During World War II, the US military had a simultaneous need to put machine guns into combat service, and also a need to train new soldiers on the operation of those machine guns. Cutting up existing guns to make demonstration models reduced the number available for field use, and the solution was to contract for the manufacture of 200% scale fully functional (except for actually firing) cutaway models of the main service weapons. This is one such example of a Browning M1919A6 model (similar models of the M1 Garand, M1 Carbine, and M1918A2 BAR were also made).

Made by the Reflectone Corporation of Connecticut, these models are actually quite remarkably well made. Every part is a proper functioning copy of the real version, including springs reduced in strength to make the parts easy to operate, but allowing them to behave as a real gun would. With a model like this, a whole class of trainees could be instructed on various tasks relating to the gun, from basic loading and firing to complex malfunction clearance and complete detail stripping. They are typically relegated to hanging (inevitably covered in dust) from the ceilings of cluttered gun shops, but they are actually quite interesting and sophisticated devices.

Oh, and note that while this appears to be an M1919A4 without stock or bipod, it was actually made with the barrel profile of an A6, and the stock and bipod left off because they are mechanically irrelevant to training.

16 Comments

  1. Even reading the description text first and knowing what was coming, seeing you sitting there behind that*enormous* gun was startling. 🙂

  2. Some, but not all, zinc die castings of that era were prone to internal corrosion which variously lead to them swelling, cracking or crumbling.

    This turned out to be due to traces of lead in some batches of zinc (their ores usually occur together).

    Lead is very slightly soluble in molten zinc, but during crystallization it remains in the melted portion until the very end and ends up at grain boundaries and intersections of several grain boundaries, where its lower​physical strength results in reduced strength for the whole body of the metal, and in the presence of moisture and chemicals in the air it’s lower​ chemical reactivity sets up an electric cell with the zinc, causing internal corrosion of the casting.

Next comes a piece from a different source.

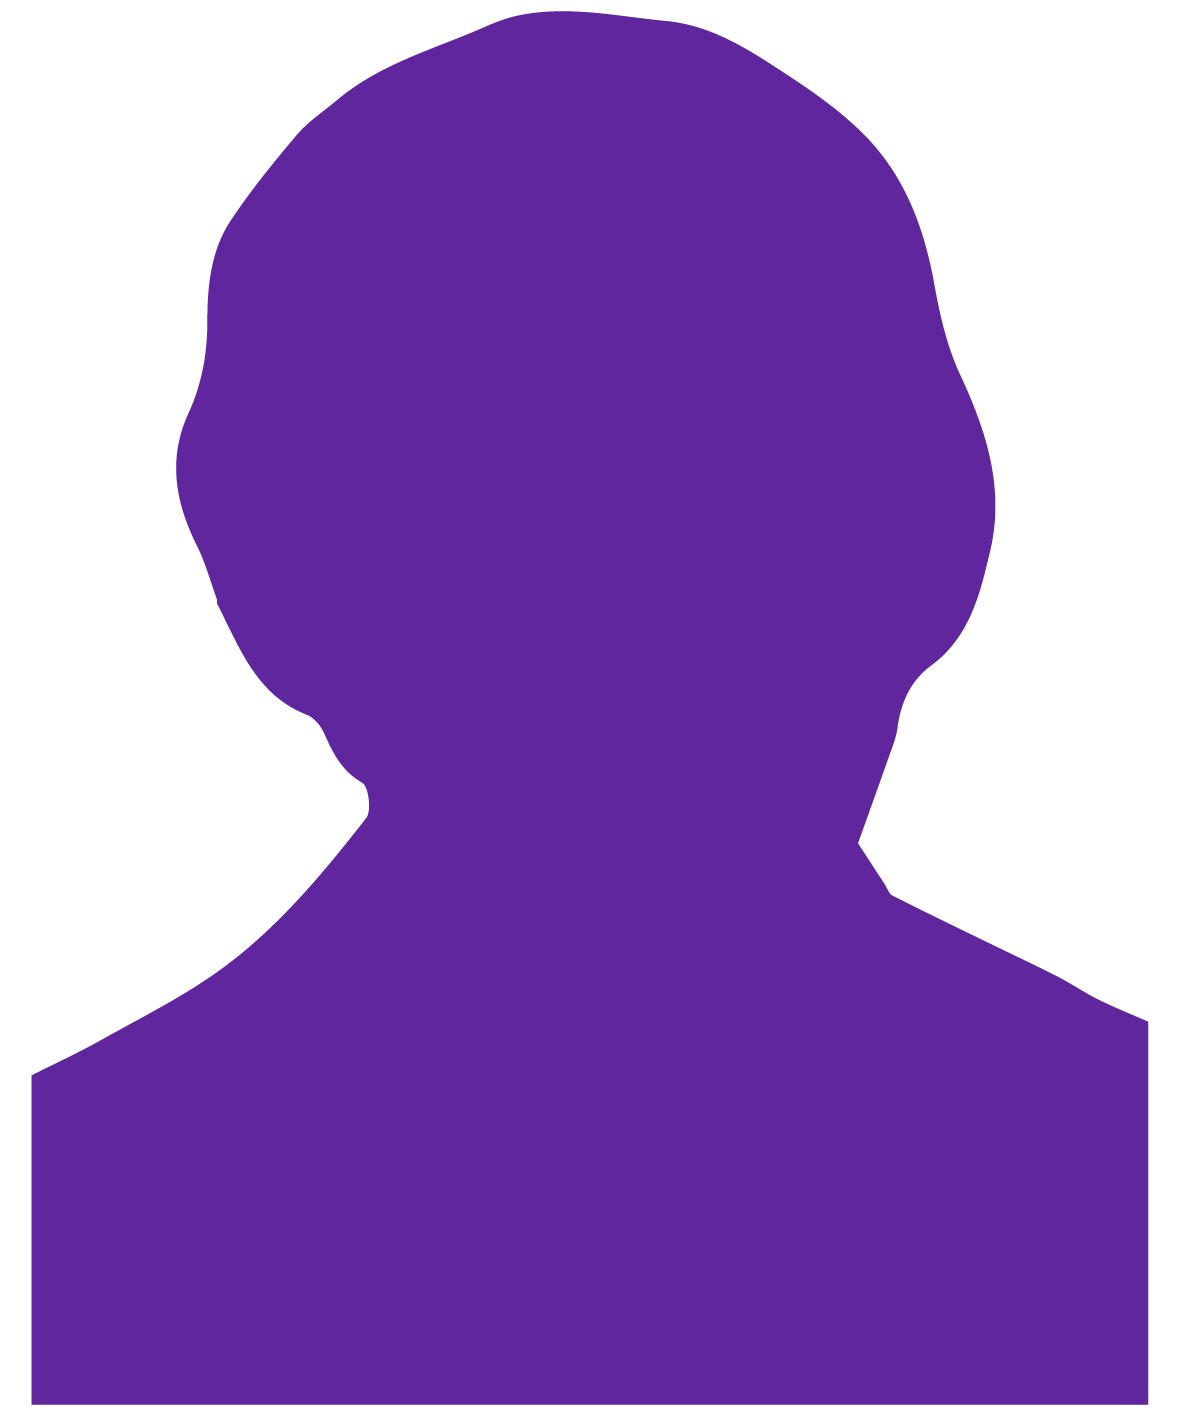 Purple silhouette of Helen Russell or Archdale

    Once the cause of the problem was discovered, die casters went to using distilled zinc of several nines % purity.

    Not all die castings, even from the same makers, suffer from this, so, without looking closely, there’s no way to know if the process is going on in the instructional model, but it is something to be aware of.

  3. I remember large cutaway trainers in an local Army/Navy store in my youth. Which was a long time ago

    • You a Memphis boy per chance? The downtown army-navy store there had a 1919a4 and a BAR…perhaps one of the others as well…..and a Honest John nuclear missile (sans warhead) hanging from the ceiling down the center aisle!

  4. Admittedly I’m an idiot, but was nobody else’s first thought “WHY IS IAN TINY? WHAT HAVE THEY DONE TO HIM? IS THIS WHAT CORROSIVE PRIMERS DO?”

  5. I just sold my large trainer M1919a4 much like the one you have demonstrated but with a belt of linked 15 original trainer non-firering ammo for the gun. While they are nice they take up a LOT of room. Harry

  6. Is a 2x sized BMG cutaway considered a “firearm” or “machine gun”? Or is it considered inert/demilled/nonfunctional? Do you need an FFL to purchase one? I don’t have the money or space for one, but sure would be fun to have mounted on a tripod in the living room!!